Objectives:
- Students will explore oblique asymptotes using long division and a
graphical approach
- Students will review the procedure for graphing rational equations
- Students will solve and graph real world rational function problems
(reservoir acid problem and can cost problem)
PA Math Standards:
- 2.8.11 Algebra and Functions
- D. Formulate expressions, equations, ... to model routine and
non-routine problems
- Q. Represent functional relationships in tables, charts and graphs
- R. Create and interpret functional models
- S. Analyze properties and relationships of functions (e.g. rational)
- 2.11.11 Concepts of Calculus
- A. Determine maximum and minimum values of a function over a specified
interval
- B. Interpret maximum and minimum values in problem situations
- 2.3.11 Measurement and Estimation
- A. Select and use appropriate units and tools to measure to the degree
of accuracy required in particular measurement situations.

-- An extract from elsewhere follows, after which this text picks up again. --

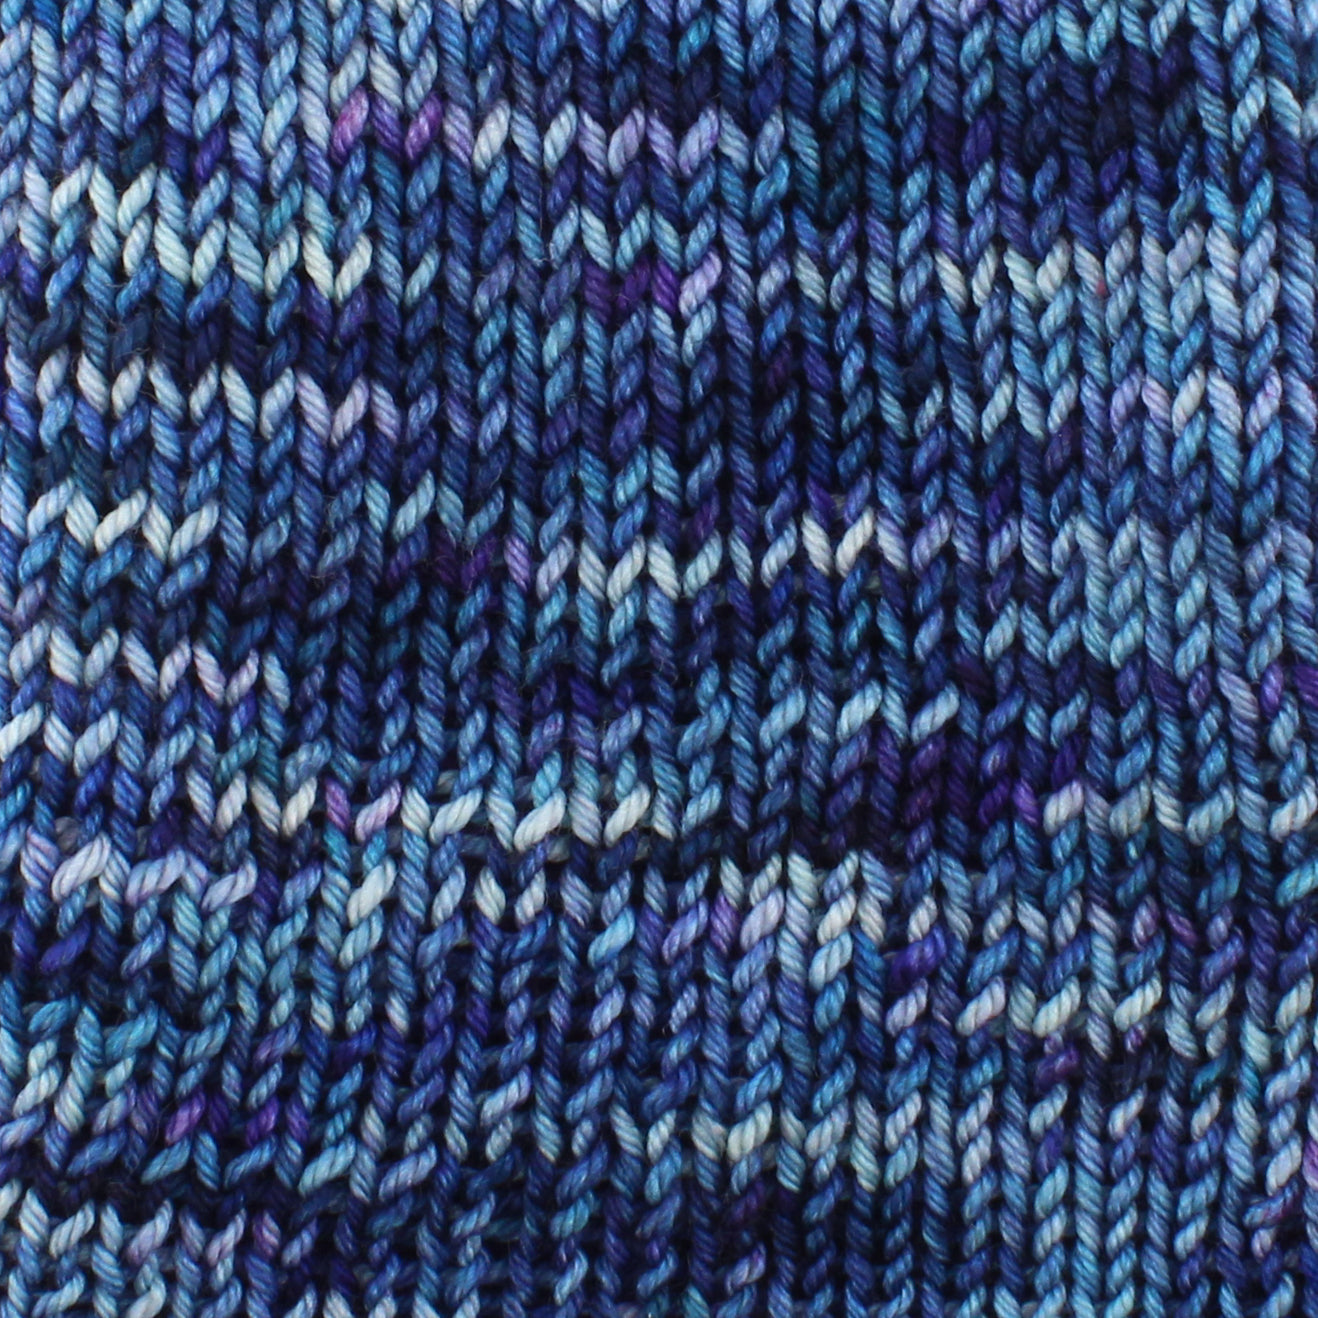 OCEAN AT NIGHT Indie-Dyed Yarn on So Silky Sock

- C. Demonstrate the ability to produce measures with specified levels of
precision
Prerequisite Skills:
- Students have explored all forms of basic rational functions
- Students have graphed all forms of 1/x
- Students have also graphed all forms of the translated rational function
a(1/(x-h))+k
- Students understand how to:
- Find and plot x and y intercepts
- Determine symmetry by replacing x with -x
- Reduce rationals to lowest terms
- Find both vertical and horizontal asymptotes
- Determine points, if any, at which rational graphs intersect the
horizontal asymptote
- Locate and describe holes in rational graphs
- Students can perform polynomial long division
- Students have prior knowledge in solving mixture problems
Materials:
- TI-83 Graphing Calculators
- Graph Paper
- Diet Coke cans
- Tape Measure/Rulers (centimeters/inches)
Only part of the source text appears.